In 1968, my filmmaking partner Andrew Mollo and I had the chance to make a film in Prague, a chance that was blown to bits when the Russians invaded Czechoslovakia. We were so anxious to make the film that as soon as the Russians let people across the border, we flew to Prague to see if there was any prospect left (there wasn't). I had another reason for the journey: I wanted to visit the Národní Filmový Archiv, where I knew there were many unique copies of American silent films.

On the morning we had arranged to visit the archive, we got up early and set off to look for taxis. None would stop. Oh well, the hotel said it was just a little way away. So we walked. And walked and walked. Andrew drew attention to the stench of cheap petrol. Finally, we asked a man for Malešická ulice. "About thirty minutes walk," he said. I managed to get through to archivist Myrtil Frida from a telephone box to warn him that we'd be late. The road was as long as the North Circular, and the area was just like Cricklewood—and you don't find taxis in Cricklewood. Just a constant flow of trucks and Czech Tatras. I was now panic-stricken. There was no one who knew where the street was—they simply could not understand. "Mallyssiskey?" I tried. "Mallyshitzki?" They shook their heads. Trouble was, they took hours to do so, standing there and thinking. Finally, a car sped up, the driver saw my expression, and he ground to a halt. It was a taxi! We climbed in gratefully and off he sped, but within a minute, he had drawn up next to what looked like the municipal rubbish dump. We walked past piles of rusty film cans, past an old shack, and up to another old shack. The stench of decaying nitrate was all too noticeable.
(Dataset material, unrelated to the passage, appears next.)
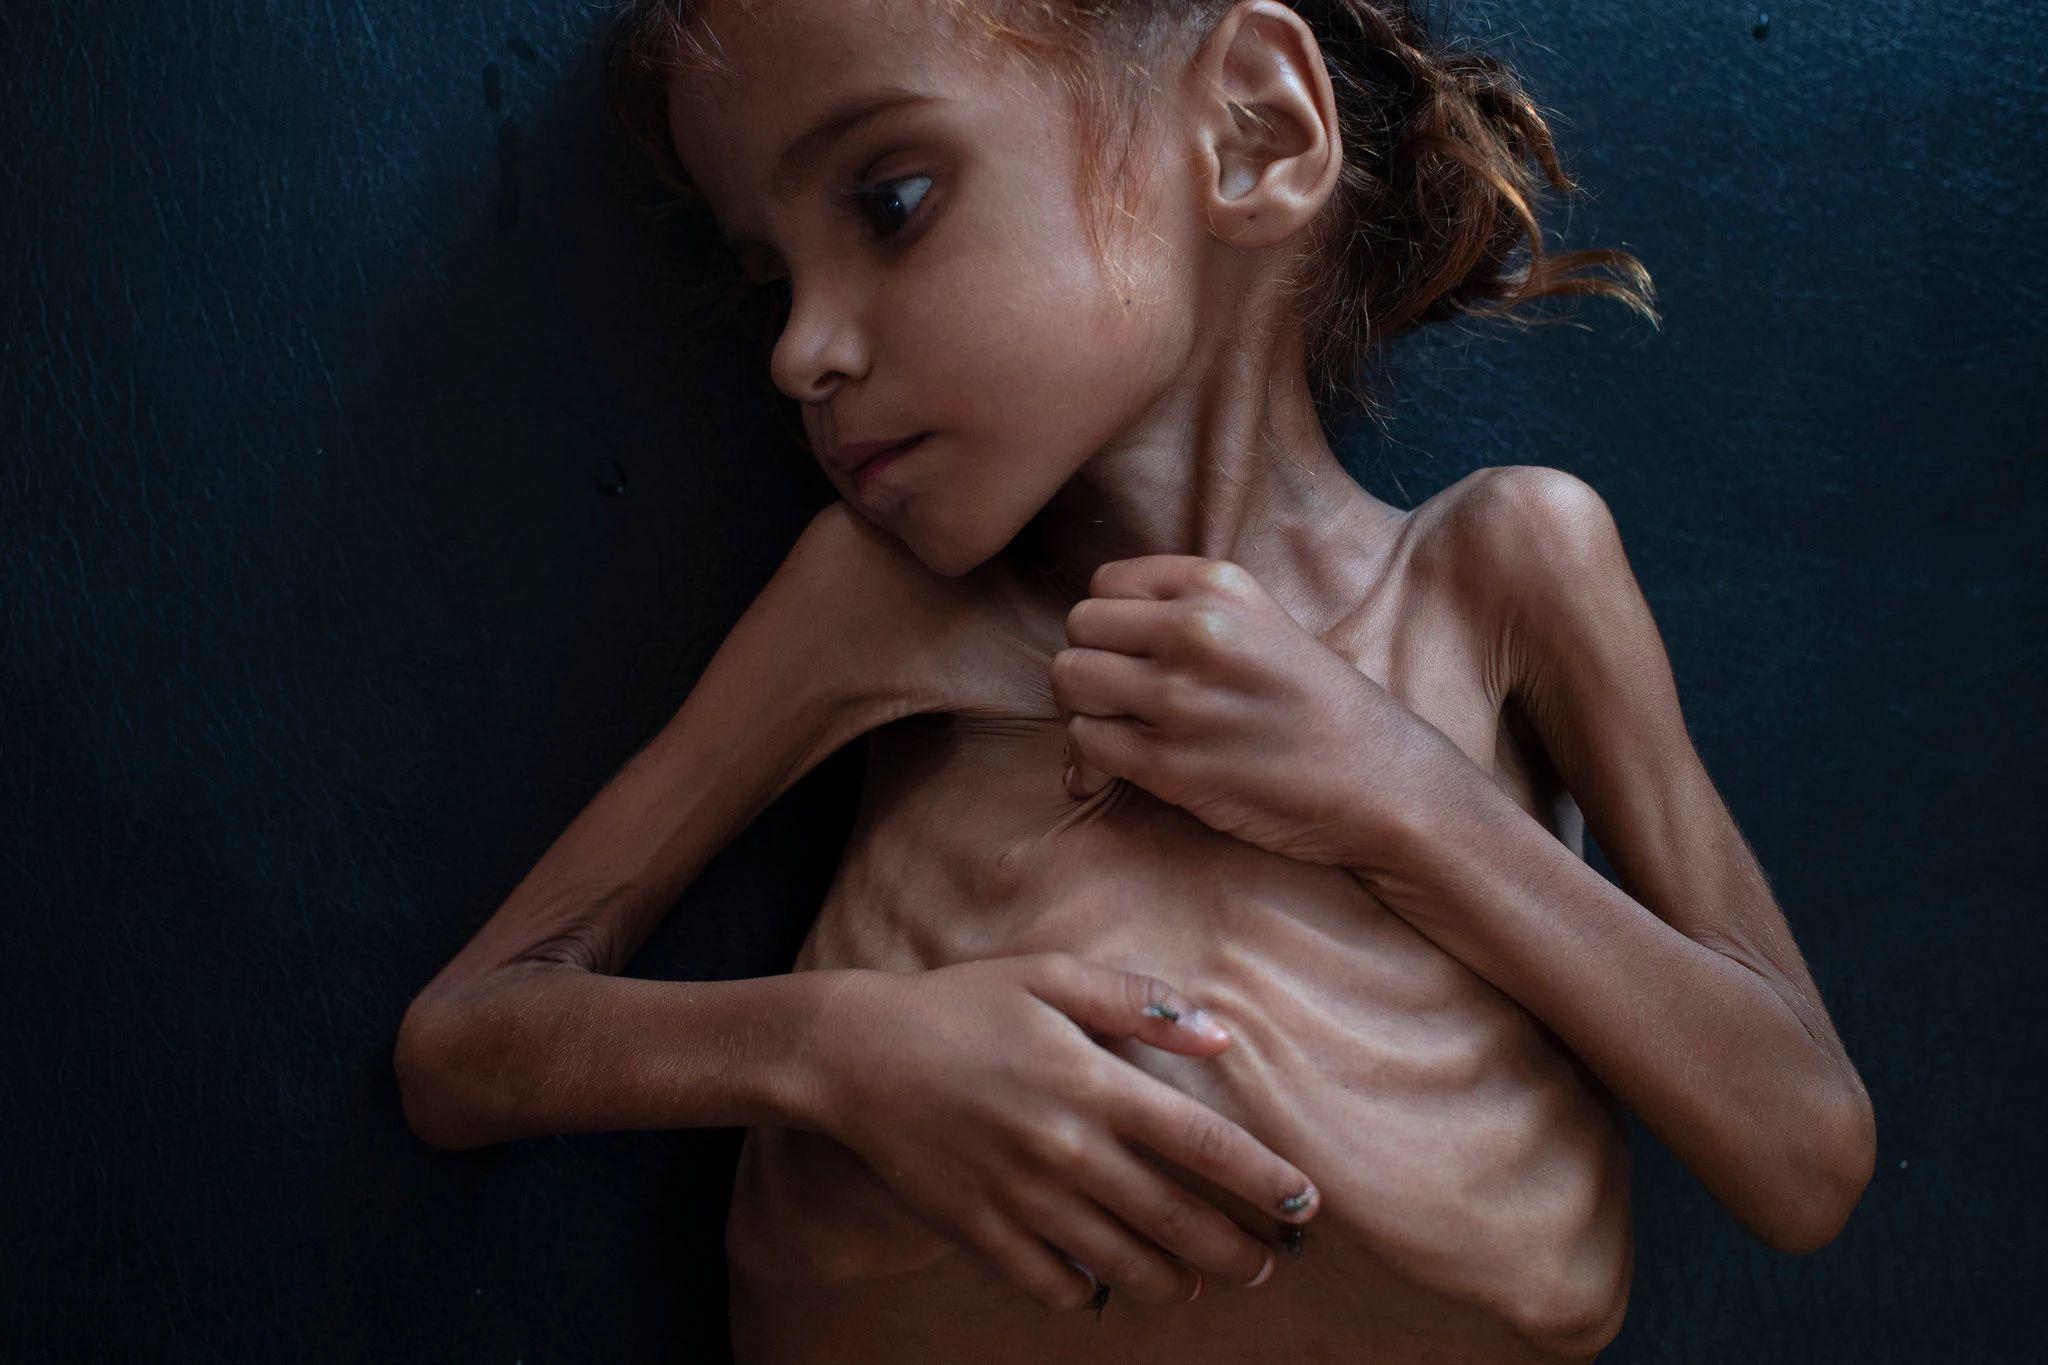 Η 7χρονη Αμάλ Χουσεΐν

"Mr. Frida?" Three faces nodded, and we were led into the shack. Frida's secretary greeted us. The posters on the wall were a surprise: "HORROR HOTEL Just ring for doom service." Myrtil Frida seemed much younger and gayer than the demure, gray-suited apparatchik I had encountered at the International Federation of Film Archives conference in England. There was some confusion over the films I had asked to see, but we entered the theater, which was heated like a steam laundry. I asked for paper and was given two sheets. Could I have more? I was given three sheets. "That is all we have got."

Frida left us with a woman who did her best to translate the titles of Stark Love (1927). She made heavy weather of it, but it didn't matter. The film was remarkable in the Flaherty-Cooper-Schoedsack tradition. It was shot in the mountains of North Carolina, among people who seemed as primitive as any encountered by Flaherty. The film was directed by Karl Brown, who had photographed The Covered Wagon (1923), and it was one of Frida's favorites.

I was so enthused by it that when I returned to England, I wrote an article for a film society magazine describing Stark Love. It was called "How Could We Forget a Film Like This?" A year or so later, I was invited to work for the oral history department of the American Film Institute (AFI), interviewing the silent film people I had missed when I was assembling my book. Someone must have read my article at MoMA, for they had arranged with the Czech archive to bring a copy of Stark Love to New York. They also rang me up to ask if, in all the interviewing I had been doing, I had heard whether Karl Brown was still alive. Brown was G. W. Bitzer's assistant cameraman on The Birth of a Nation (1915) and Intolerance (1916). "If he had been alive," I told them authoritatively, "I would know about it." Later that day, I spoke to filmmaker and film historian George J. Mitchell. He had been asked the same question and, being a former intelligence officer, he...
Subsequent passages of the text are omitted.